Items from a data source
[Start of Attachment]

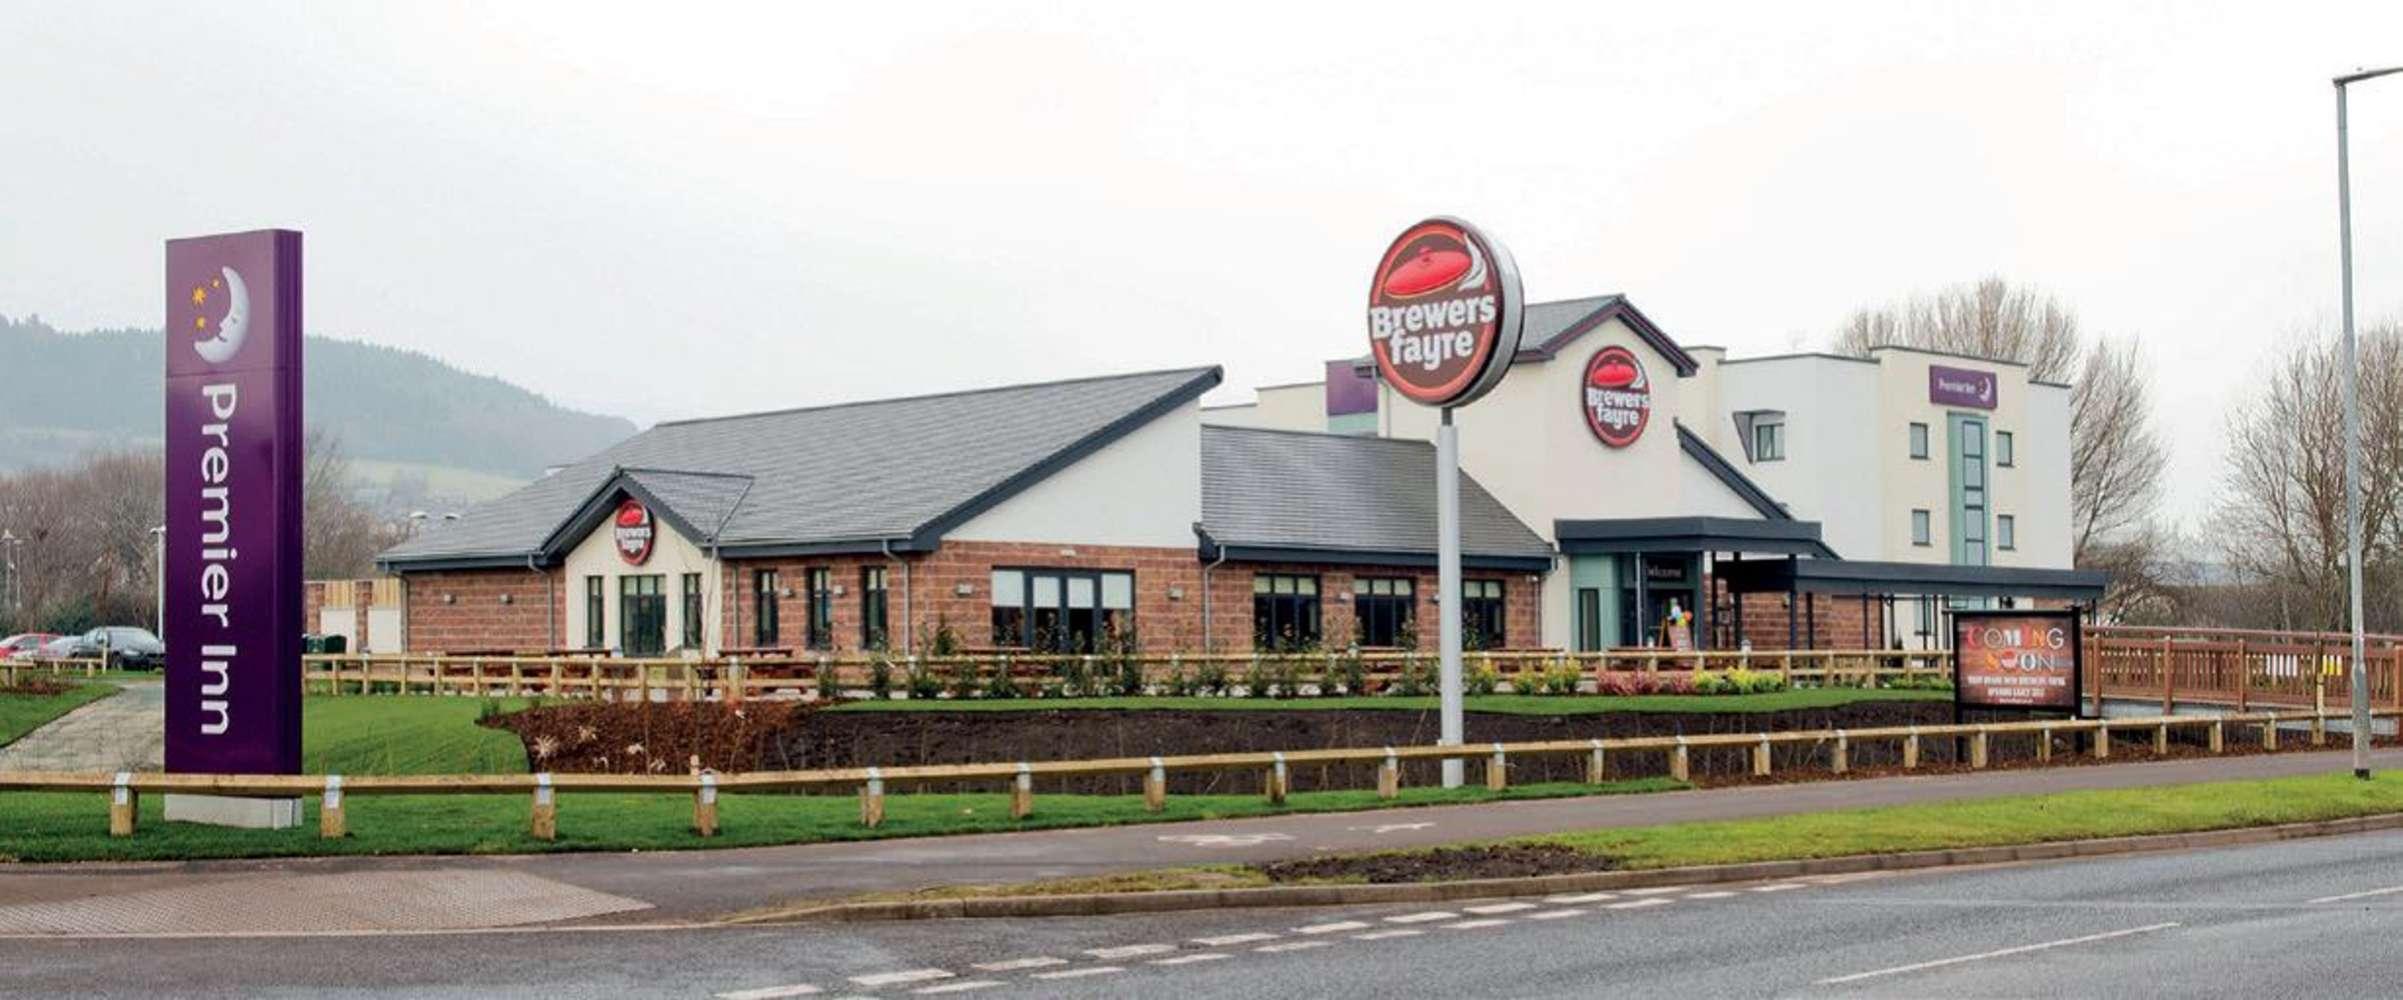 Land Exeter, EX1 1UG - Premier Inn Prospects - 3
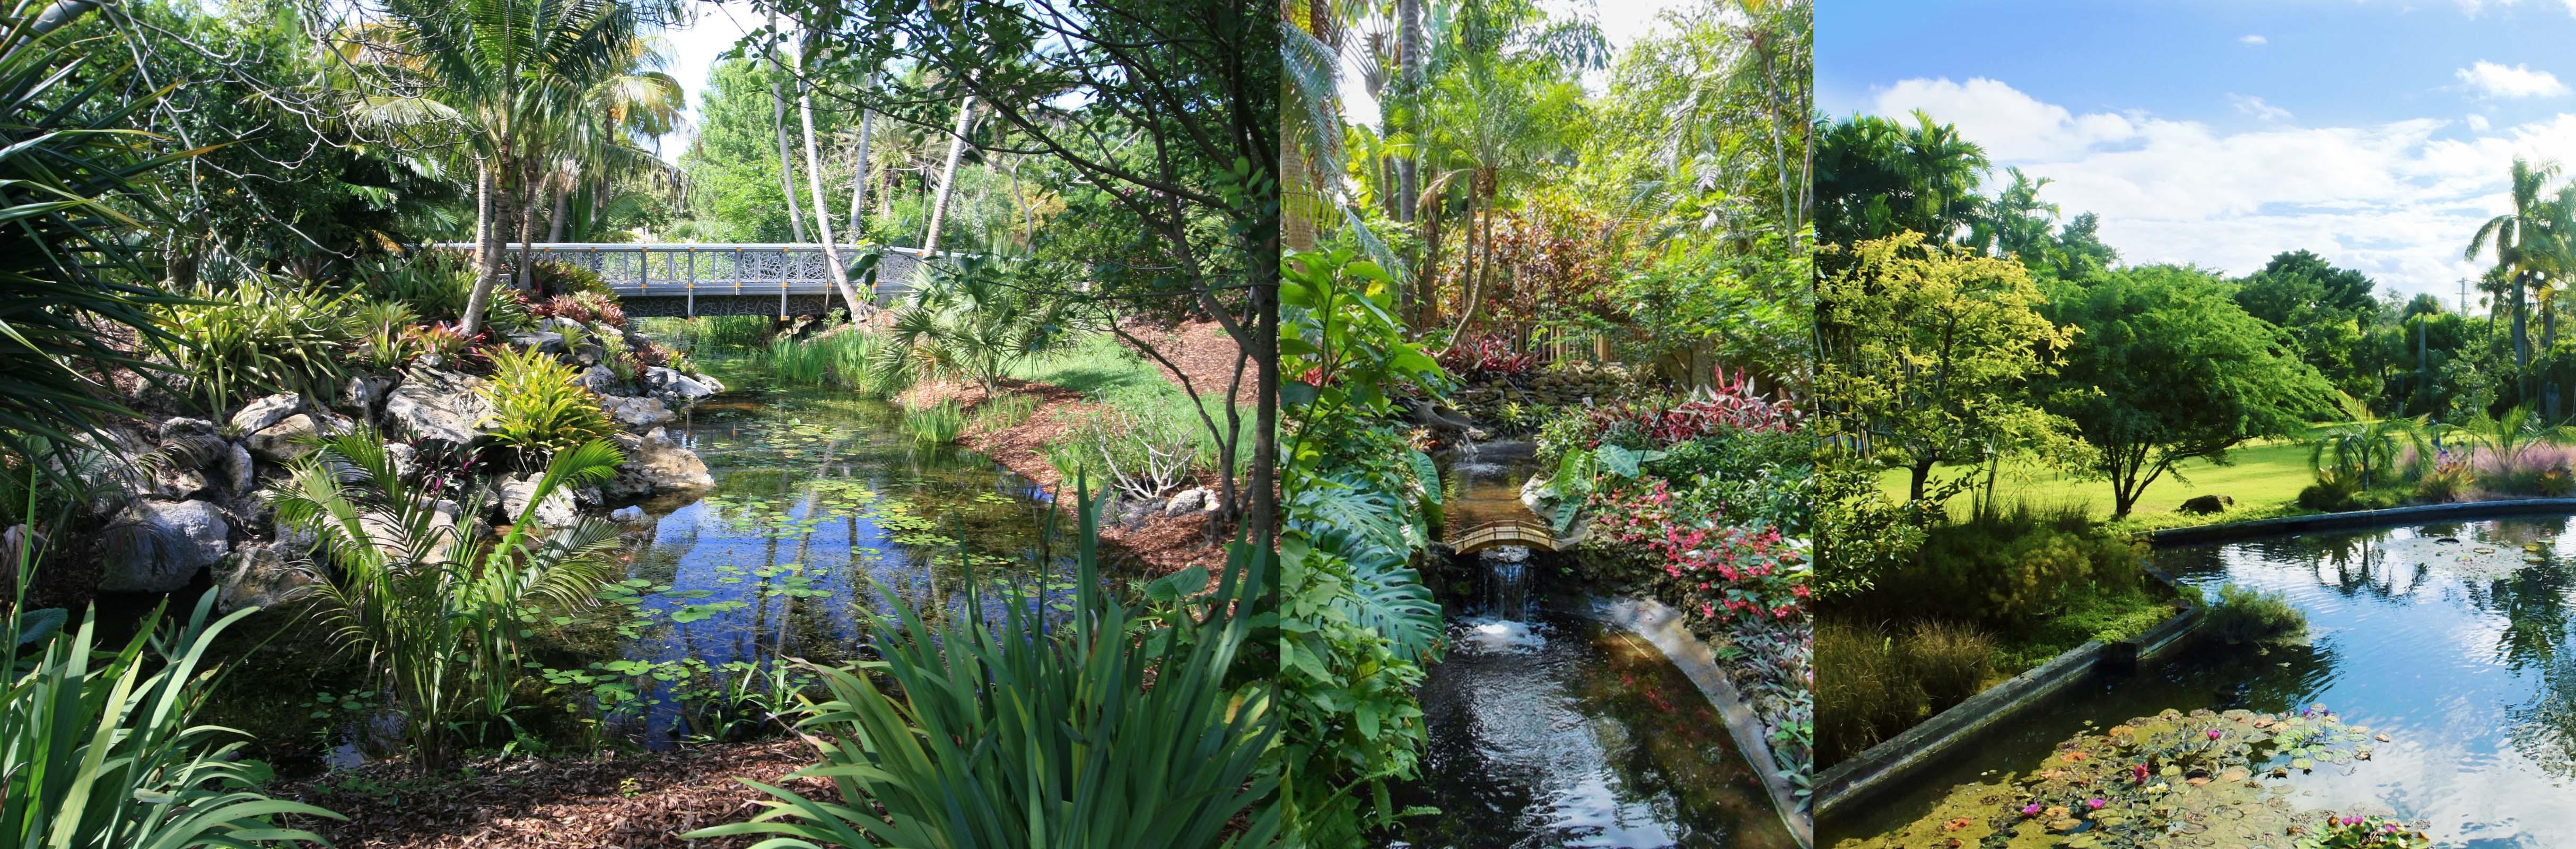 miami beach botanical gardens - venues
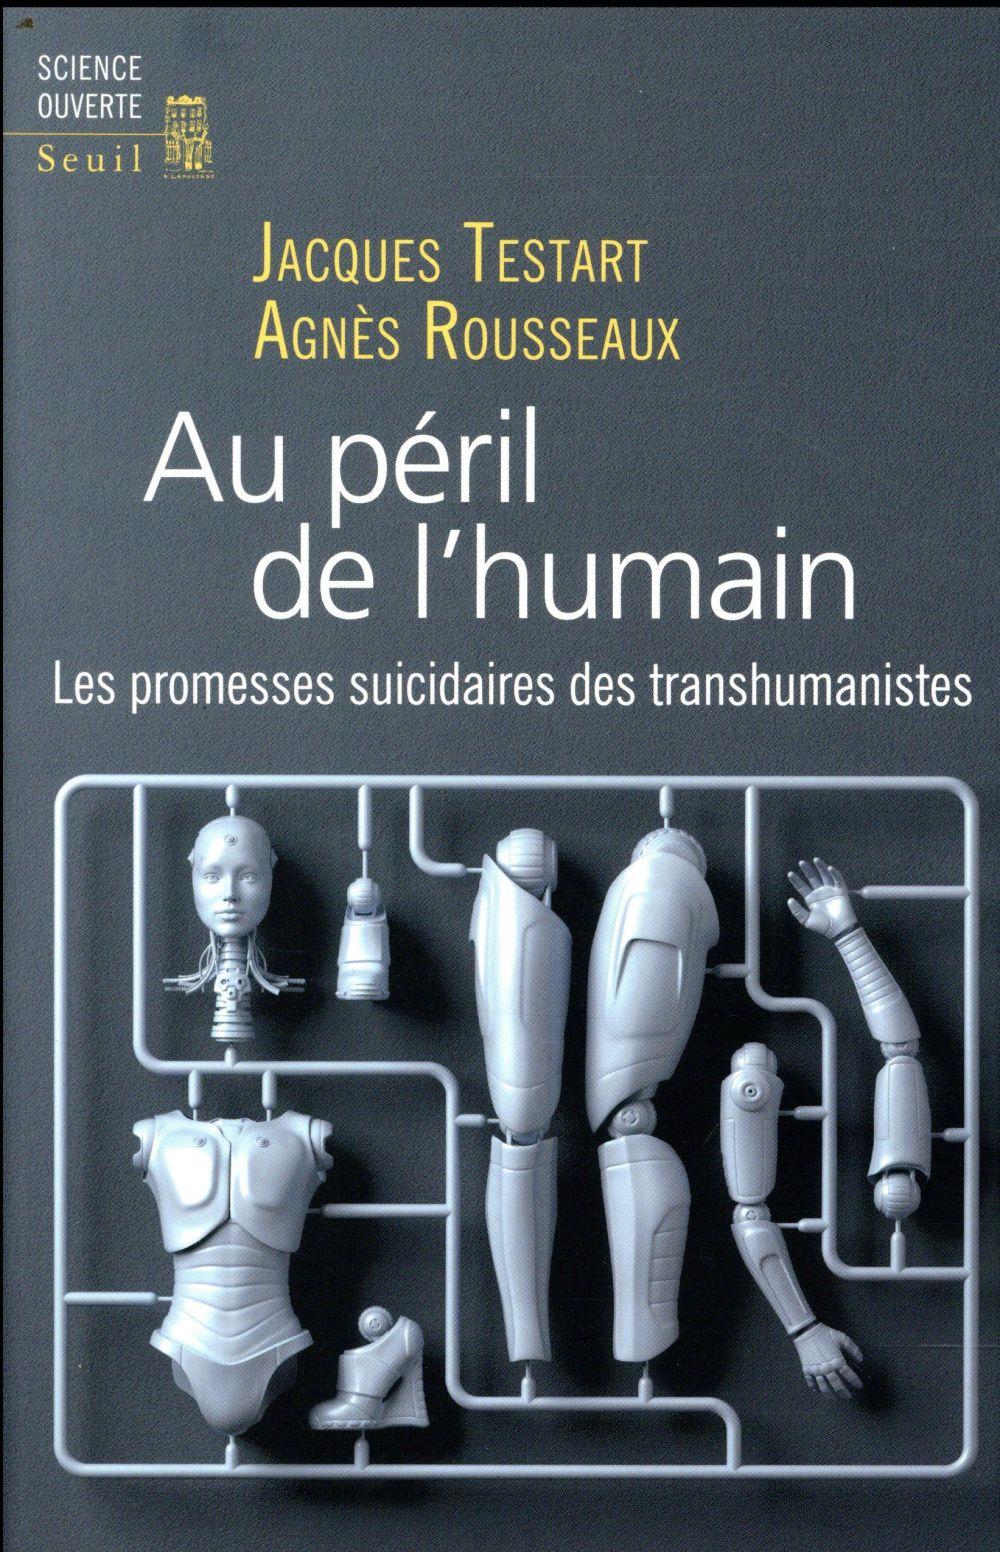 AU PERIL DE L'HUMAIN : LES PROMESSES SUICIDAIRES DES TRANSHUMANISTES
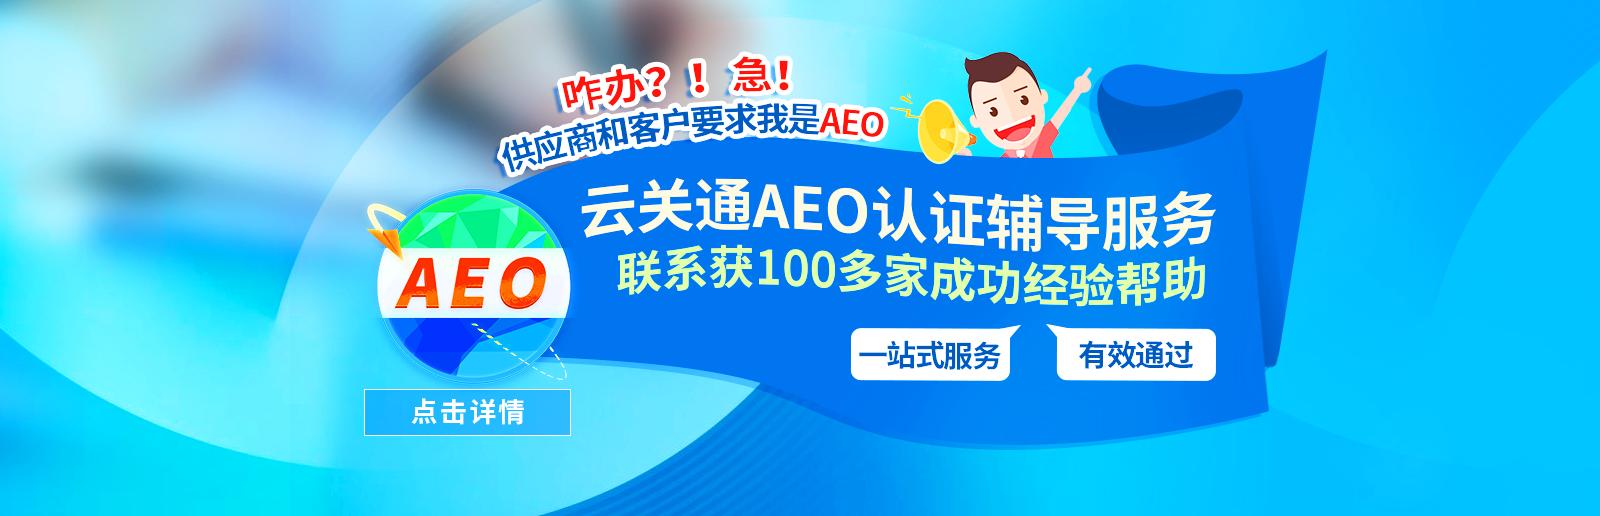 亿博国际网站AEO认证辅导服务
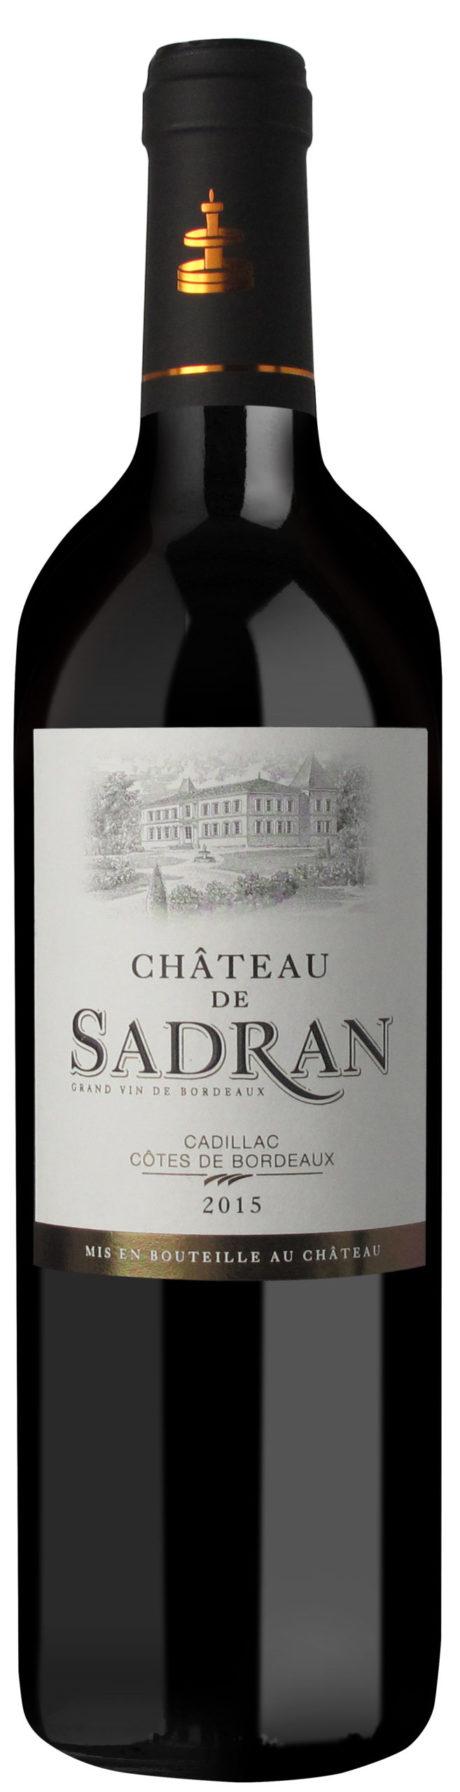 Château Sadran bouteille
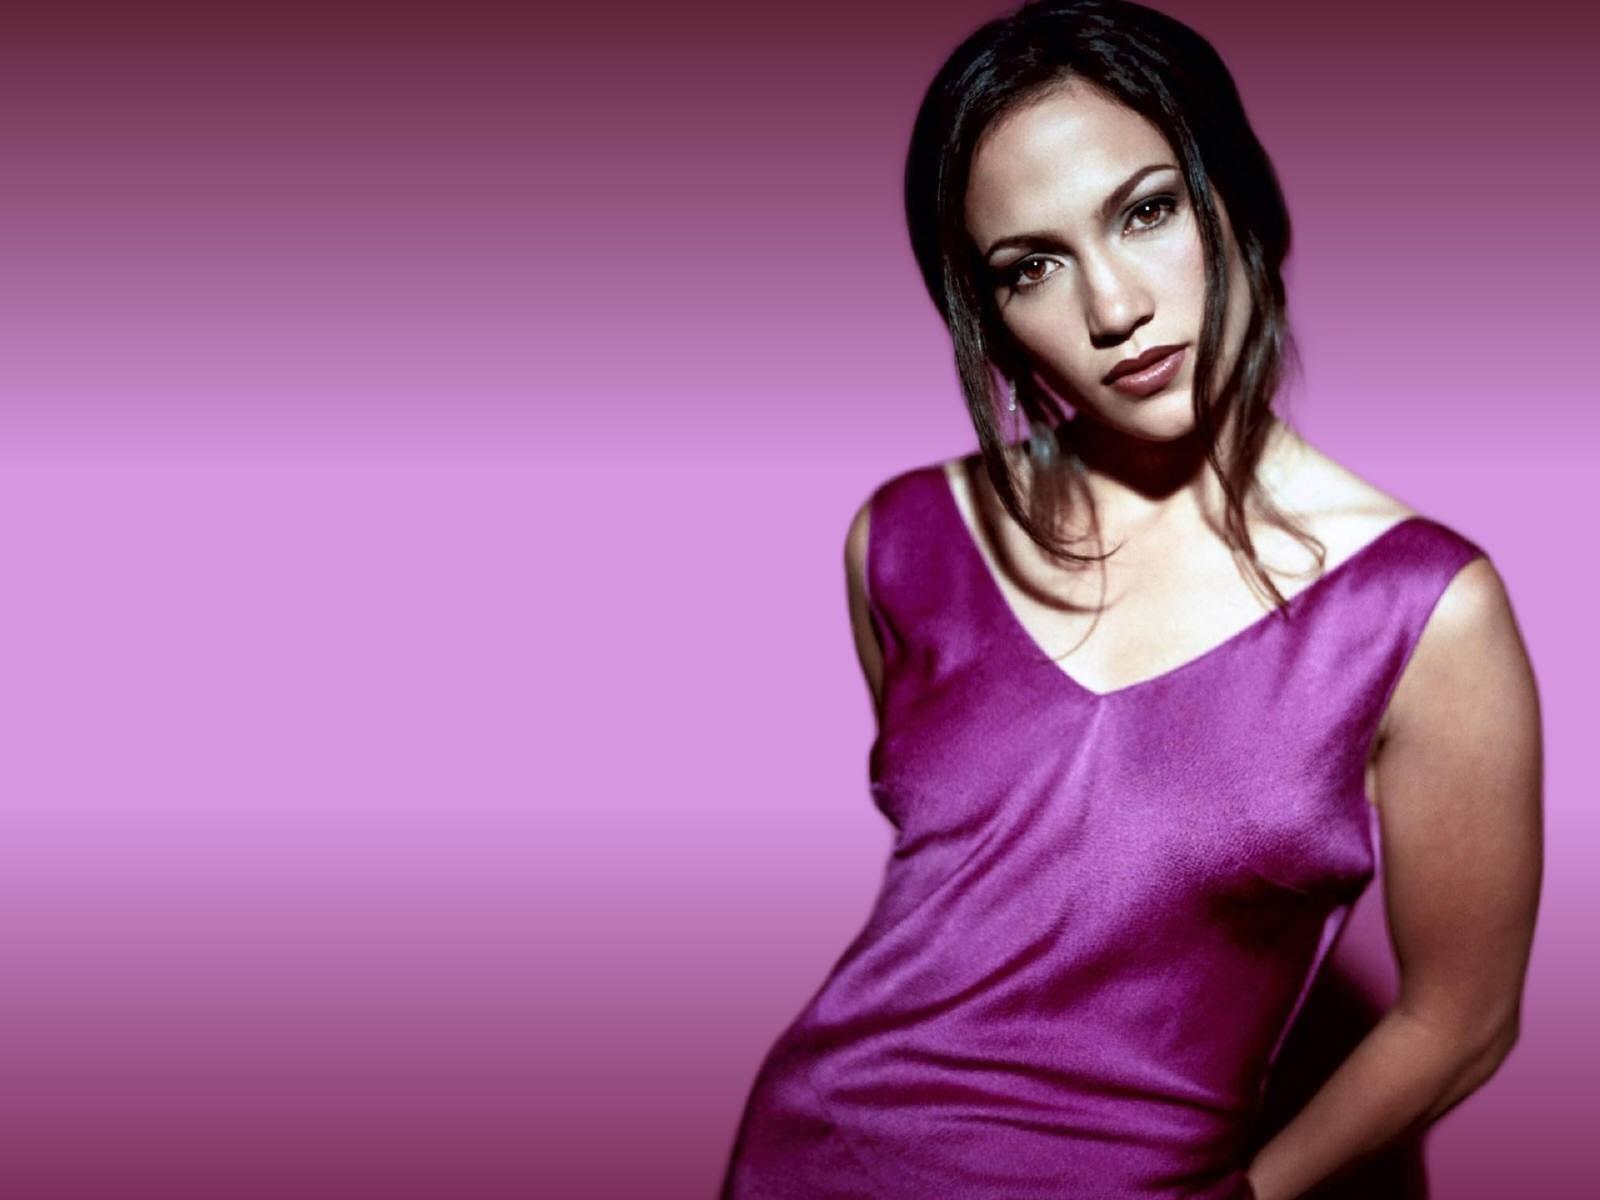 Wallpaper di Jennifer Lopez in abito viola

[End of Attachment]

DESCRIPTION OF THE TASK
Transcribe every line from the records above without alteration, and leave out the images.

SOLUTION TO THIS PROBLEM
 Land Exeter, EX1 1UG - Premier Inn Prospects - 3
 miami beach botanical gardens - venues
 AU PERIL DE L'HUMAIN : LES PROMESSES SUICIDAIRES DES TRANSHUMANISTES
 亿博国际网站AEO认证辅导服务
 Château Sadran bouteille
 Wallpaper di Jennifer Lopez in abito viola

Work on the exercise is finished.